In one series of experiments, six-month-old infants were shown video clips of a red disk straining to roll up a hill (Hamlin, Bloom, & Wynn, 2007). A yellow square raced into view and pushed the circle up the hill. A blue triangle then appeared and pushed the circle back down to the bottom of the hill.

The infants watched this display repeatedly until they became bored and looked away. Then they were given a choice: They were presented with a tray containing a yellow square and a blue triangle, and are allowed to choose one. Infants overwhelming chose the yellow square.
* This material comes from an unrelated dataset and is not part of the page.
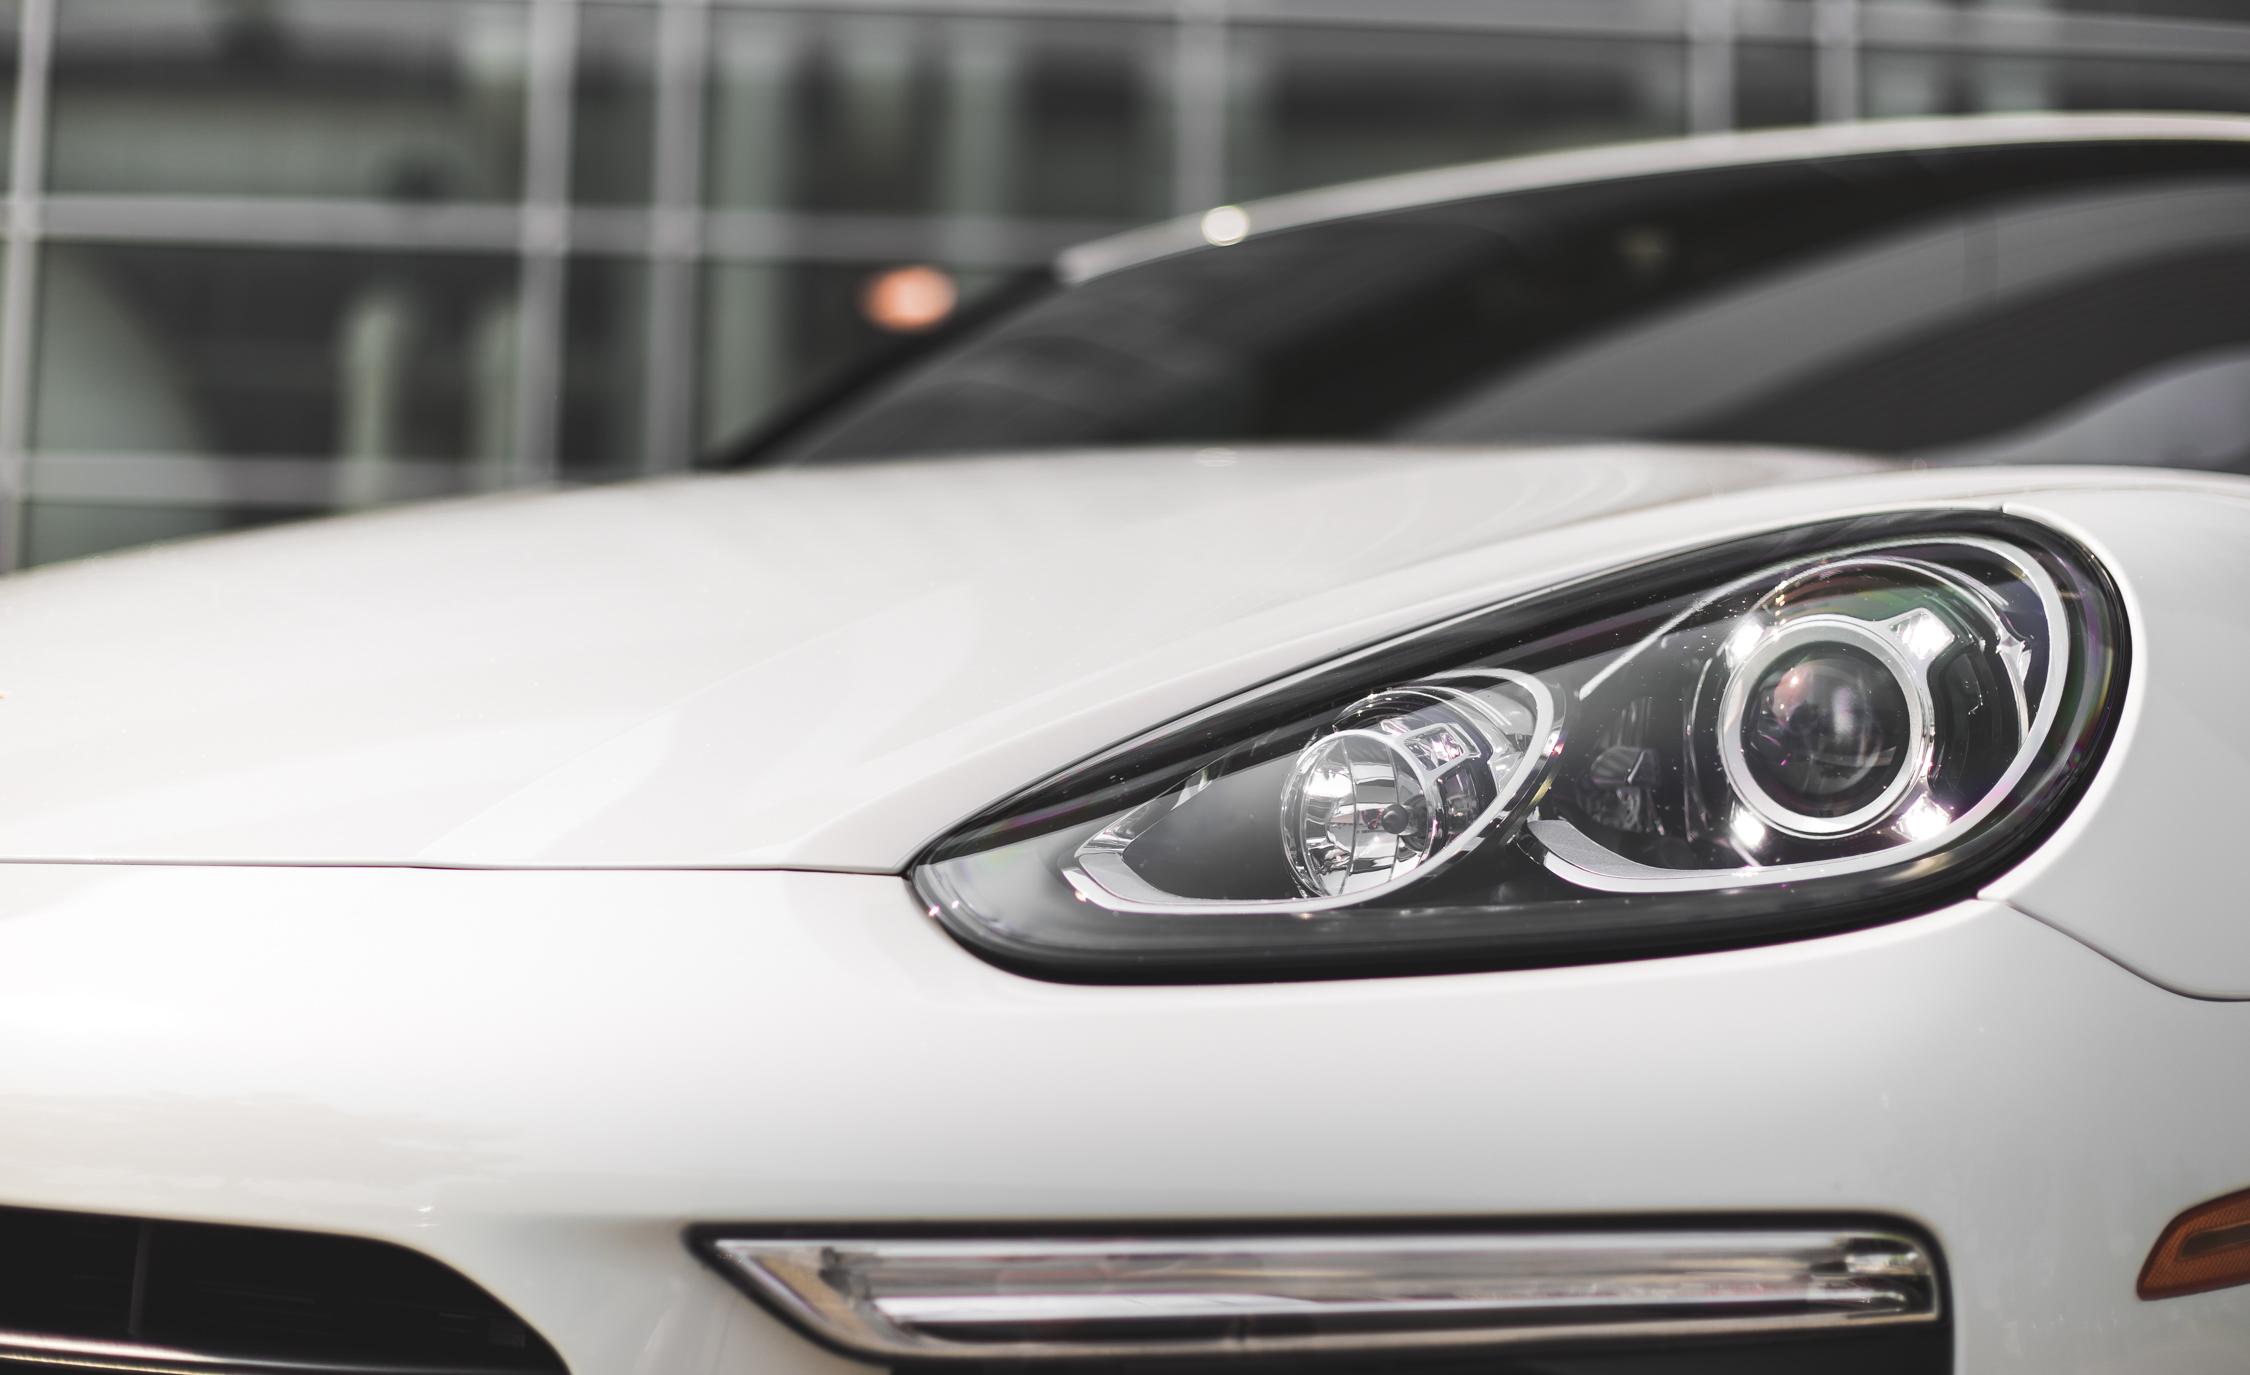 2015 Porsche Cayenne S E-Hybrid Exterior Left Headlamp

This result has been replicated in a variety of experiments using different types of actors behaving in either prosocial or antisocial ways.

Other studies have found that infants in this age group prefer individuals who punish people who harm others (Hamlin, Wynn, Bloom, & Mahajan, 2011).

By 9-months of age, infants prefer individuals who help those who are like them, and they prefer individuals who harm those who are not like them. For example, in one set of studies, 9-month-olds preferred individuals who harmed puppets that didn’t share their food preferences (Hamlin, Mahajan, Liberman, & Wynn, 2013).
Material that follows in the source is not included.